晉青從吳郡帶回了一篇薛鸝抄錄的詩文,字跡與梁晏如出一轍。
如此想來,似乎一切都變得有跡可循。為何初見之時她循規守矩,后來卻又無端來招惹他,再然后便性情大變,忽的要與他撇清干系。只因從一開始她心中所念所想便是梁晏,只是她苦于無法接近梁晏,便只好另尋他法……
薛鸝并非無情無義,她早已是心有所屬。那些寡恩薄義與諂媚心機,都只是用在他魏玠身上的手段,于梁晏,她的確稱得上是一往情深。
始終如一是假,獨屬他一人更是假。
薛鸝就和那只鳥沒什么兩樣,他為了她違背自己的規矩,讓她成為例外。
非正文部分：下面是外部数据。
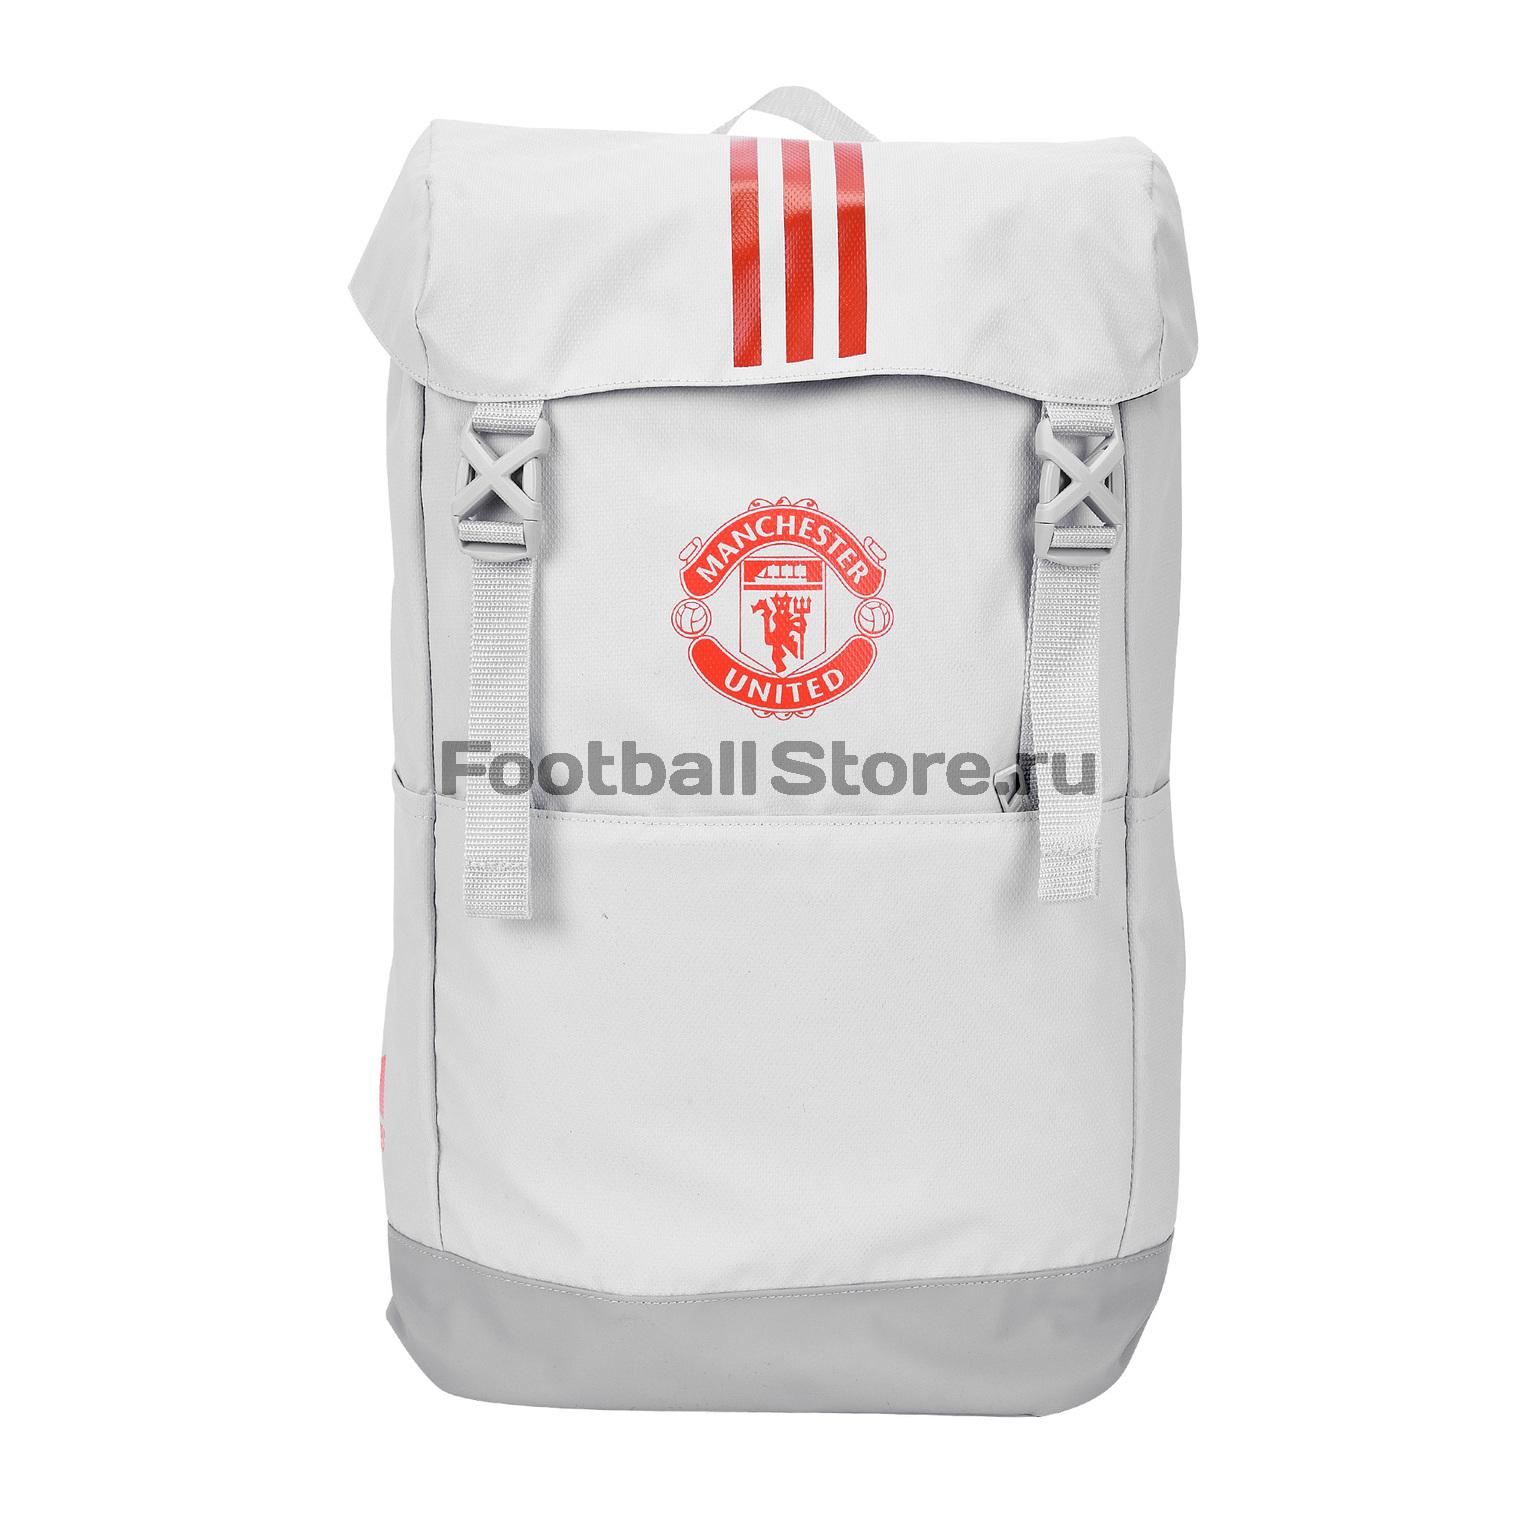 Рюкзак Adidas Manchester United DQ1525 рюкзак adidas manchester united cy5581

他已經決定接受這些情愛,去嘗試討好她。他甚至被她勾出齷齪心思。即便薛鸝愛慕虛榮,自私成性,他依然可以待她好,待他掌管魏氏,薛鸝想要的都能得到。
然而她愛慕著梁晏,她對梁晏才是真心相待。
自始至終,薛鸝都冷眼旁觀他的沉淪,看著世人稱道的男子為她傾倒,躬下身去附和她這樣的俗淺之人。她必定為此洋洋得意,甚至在心底恥笑于他的輕易動心。
魏玠聽到薛鸝的笑聲,腦海中似乎又回響起那只雀鳥瀕死的鳴叫。
正如他發現那只雀鳥討好家仆時的不悅,在掐死它的時候,他也得到了從未有過的愉悅。
那薛鸝呢……她死了,他才能解脫,一切便回歸從前的模樣。
想到此處,魏玠的呼吸不自覺重了幾分,手指也緩緩收緊,他眸光中透著陰冷,透過竹簾的縫隙去看薛鸝的身影。
她引誘他走入泥潭,卻又獨自抽身,擺出一副無辜的嘴臉觀賞他的失態。
他不會放過薛鸝,既然許諾屬于他一人,便是死了,她的血肉也要與他爛在一起。
薛鸝的嫁妝已經備好,婚服與禮冠也擺在了漆盤中。等到良辰吉日一到,她與梁晏便可成婚。在此之前除了沈家,還有一些瑣碎的小事層出不窮,忙得薛鸝與梁晏焦頭爛額。
姚靈慧為了祈求好運,便催促著薛鸝去凈檀寺燒香拜佛,好去一去近幾日的晦氣。
凈檀寺太遠,薛鸝不愿意坐在顛簸的馬車上受罪,梁晏本想隨她一同去,臨了卻冒出一堆公務,只好讓侍者護送她去禮佛。
只是不等梁晏處理完公務,有侍者急匆匆來尋他,說是薛鸝在上香的路上失去了蹤跡。
第43章
平遠候府已經布置好,新房也已騰出來,只等薛鸝與梁晏正式成婚。她忽然在此時失去蹤跡,整個侯府,連帶著魏氏二房都亂成一團。
薛鸝去禮佛當日,隨同的侍女與侍從有七人,幾人都安然無恙地躺在山野間,唯獨薛鸝失去了蹤跡。
梁晏心急如焚,領著人在附近的山野搜尋,又命人去查沈吉的動向,姚靈慧從魏府急急忙忙奔出來見他的時候,他已經一天一夜不曾闔眼,雙目中滿是紅血絲,眼下也泛著疲憊的青黑。姚靈慧一見他便嚎啕大哭,梁晏安慰道:“鸝娘必定不會有事,眼看我與她婚事將近,應是有賊人擄了她想要換取銀錢,不日后定有人來府中送信,無論如何我都會帶鸝娘回來,夫人還請放心。”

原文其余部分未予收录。